How do you simplify #(x-1)/(x^2-1)+2/(5x+5)#?

Question

Eva Abramson · Accepted Answer

#7/(5(x+1))#

Your starting expression is

#(x-1)/(x^2 -1) + 2/(5x + 5)#

Focus on the first fraction first. Notice that the denominator is the difference of two squares, since

#x^2 - 1 = x^2 - 1^2#

As you know, the difference of two squares can be factored as

#color(purple)(|bar(ul(color(white)(a/a)color(black)(a^2 - b^2 = (a-b)(a+b))color(white)(a/a)|)))#

This means that the first fraction is equivalent to

#color(red)(cancel(color(black)((x-1))))/(color(red)(cancel(color(black)((x-1))))(x+1)) = 1/(x+1)#

Next, focus on the second fraction.
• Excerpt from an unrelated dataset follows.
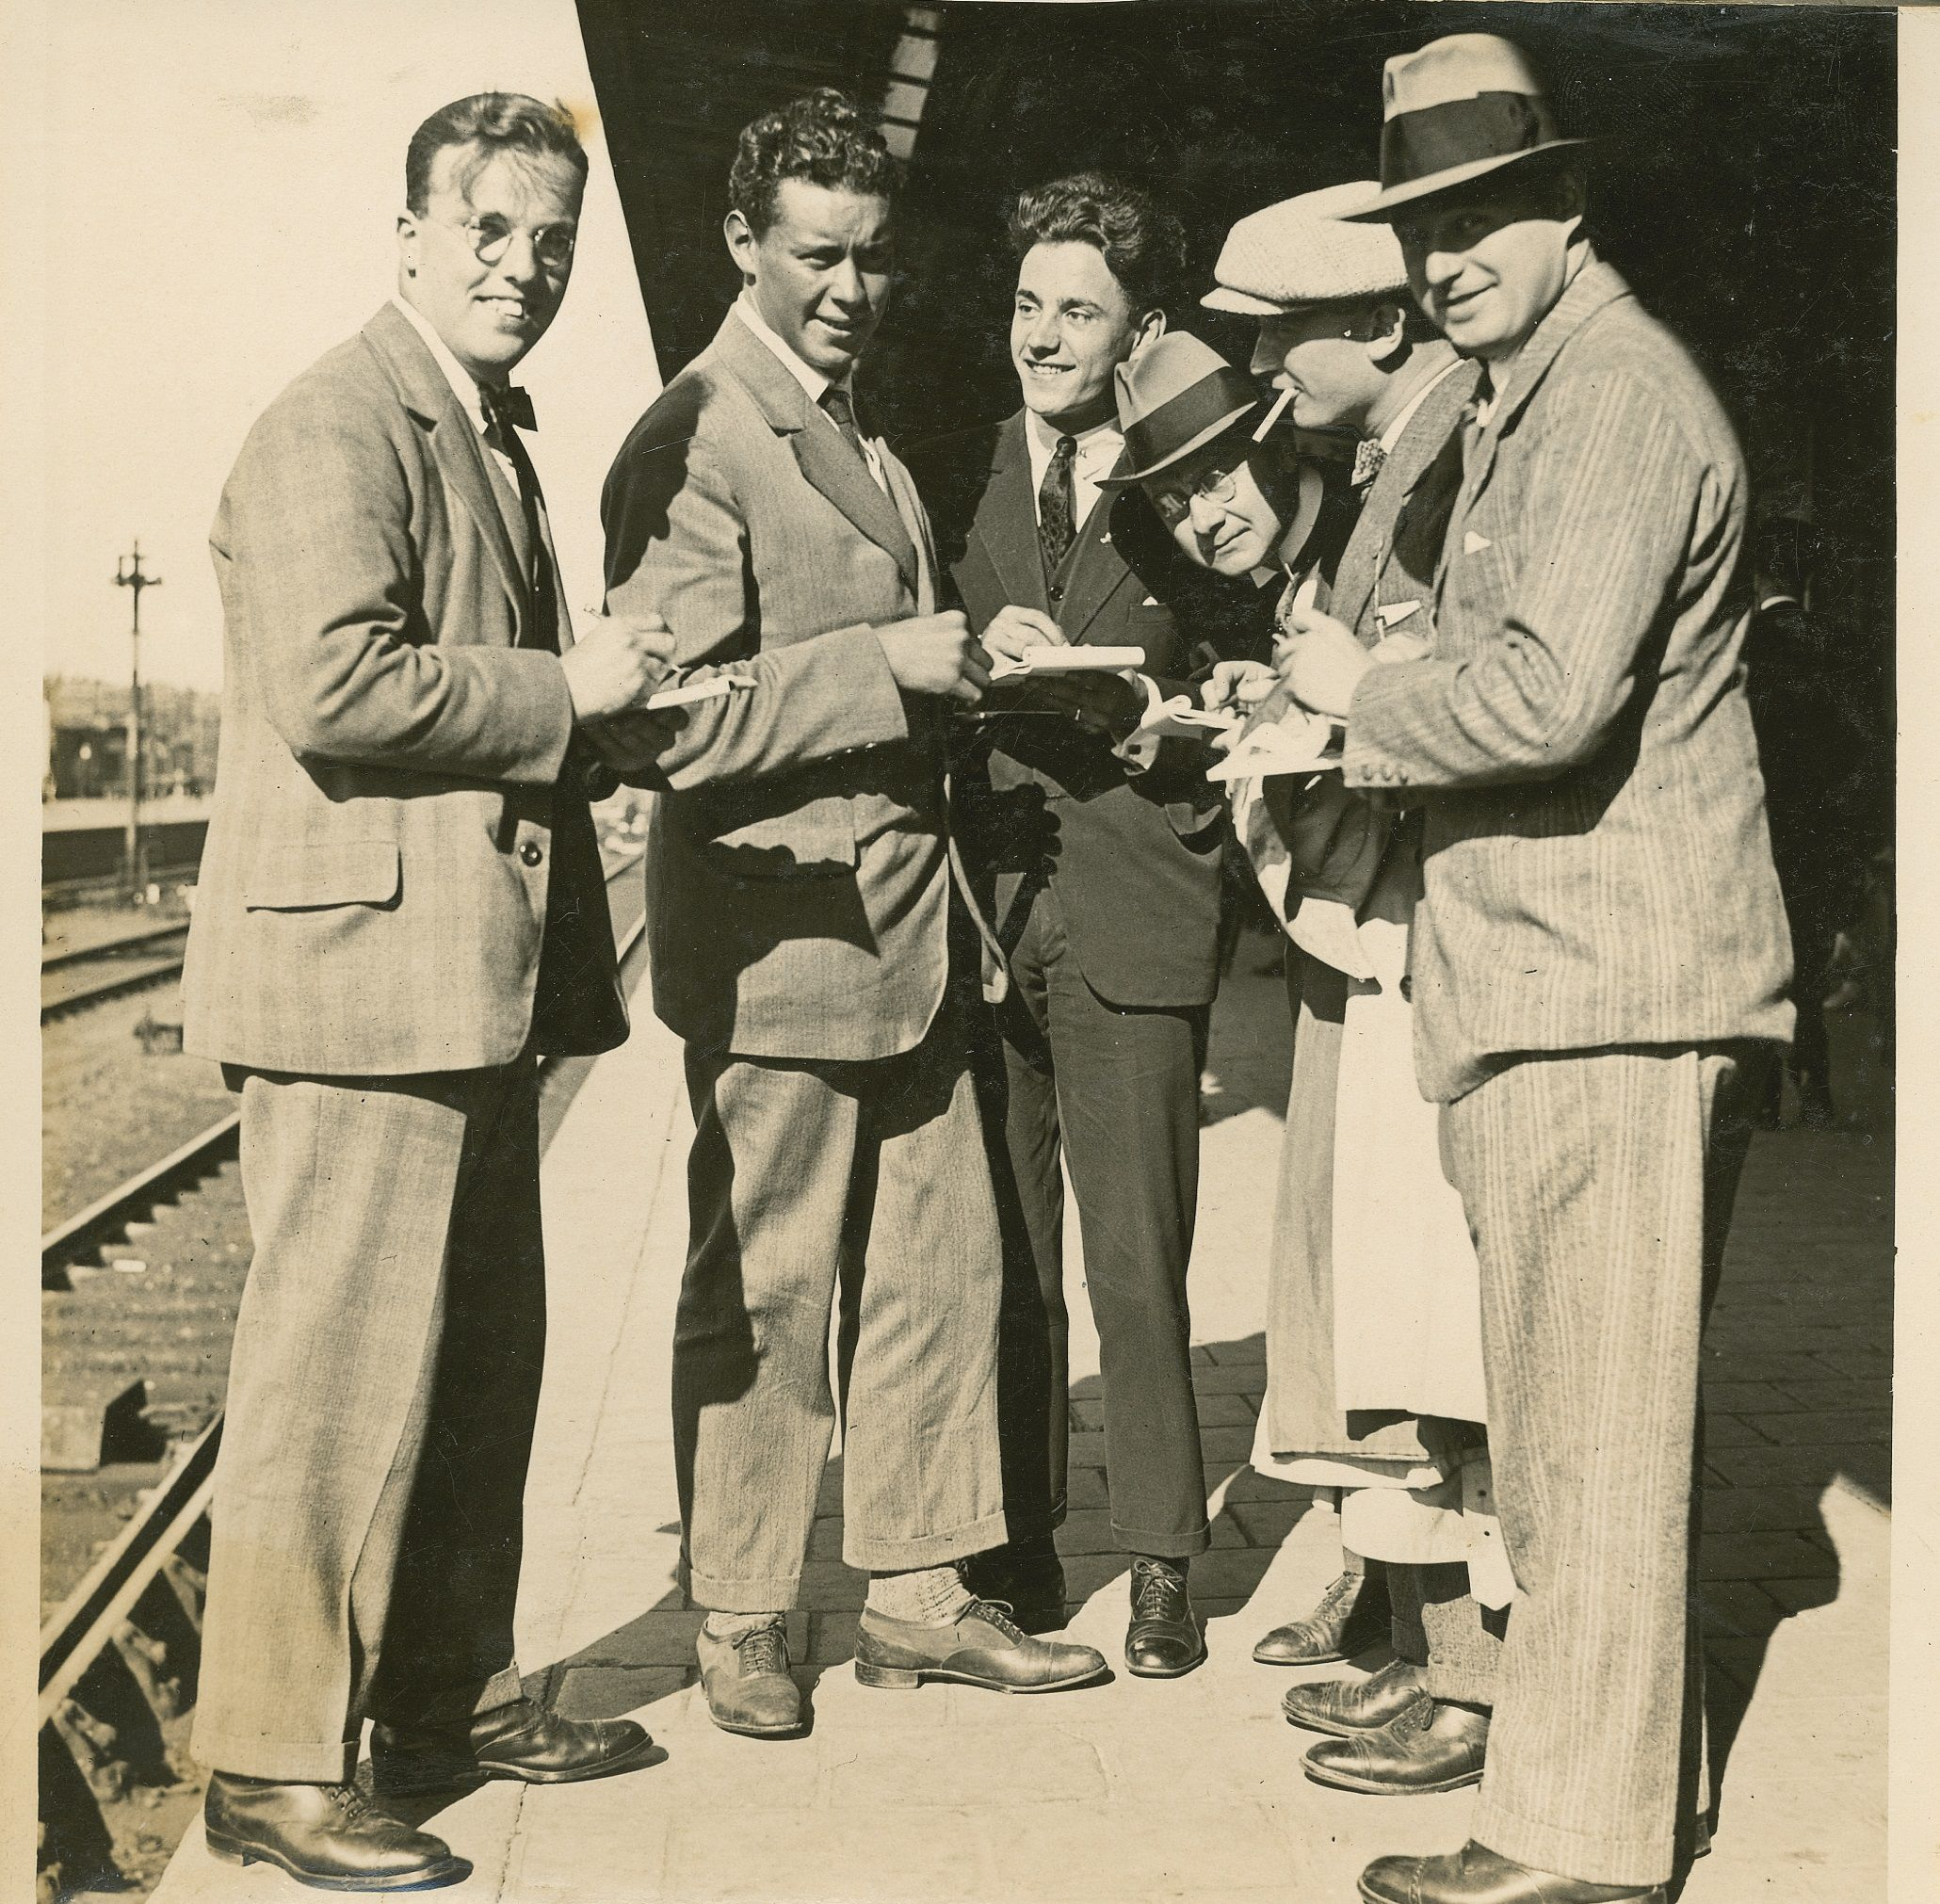 pers Nederlandse poolheld Sjef van Dongen Spitsbergen 1928 boek biografie

In this case, the denominator can be factored as

#2/(5x+5) = 2/(5(x+1))#

The expression can thus be written as

#1/(x+1) + 2/(5(x+1))#

The next thing to do here is multiply the first fraction by #1=5/5#. This will allow you to express both fractions in terms of their common denominator, which is equal to #5(x+1)#

#1/(x+1) * 5/5 + 2/(5(x+1)) = 5/(5(x+1)) + 2/(5(x+1))#

#= (2+5)/(5(x+1)) = color(green)(|bar(ul(color(white)(a/a)color(black)(7/(5(x+1)))color(white)(a/a)|)))#

Notice that you must have #x!= +-1#.

Kennedy Adams · Answer

undefined To simplify the expression (x-1)/(x^2-1)+2/(5x+5), we first factor the denominators. The denominator x^2-1 can be factored as (x-1)(x+1), and the denominator 5x+5 can be factored as 5(x+1).

Next, we find the least common denominator (LCD) of the two fractions, which is (x-1)(x+1)(5x+5).

To make the fractions have a common denominator, we multiply the first fraction by (5x+5)/(5x+5), and the second fraction by (x-1)(x+1)/((x-1)(x+1)).

After simplifying, we get ((x-1)(5x+5)+2(x-1)(x+1))/((x-1)(x+1)(5x+5)).

Expanding and combining like terms in the numerator, we have (5x^2-5+2x^2-2)/(5x^2-5).

Simplifying further, we get (7x^2-7)/(5x^2-5).

This expression cannot be simplified any further.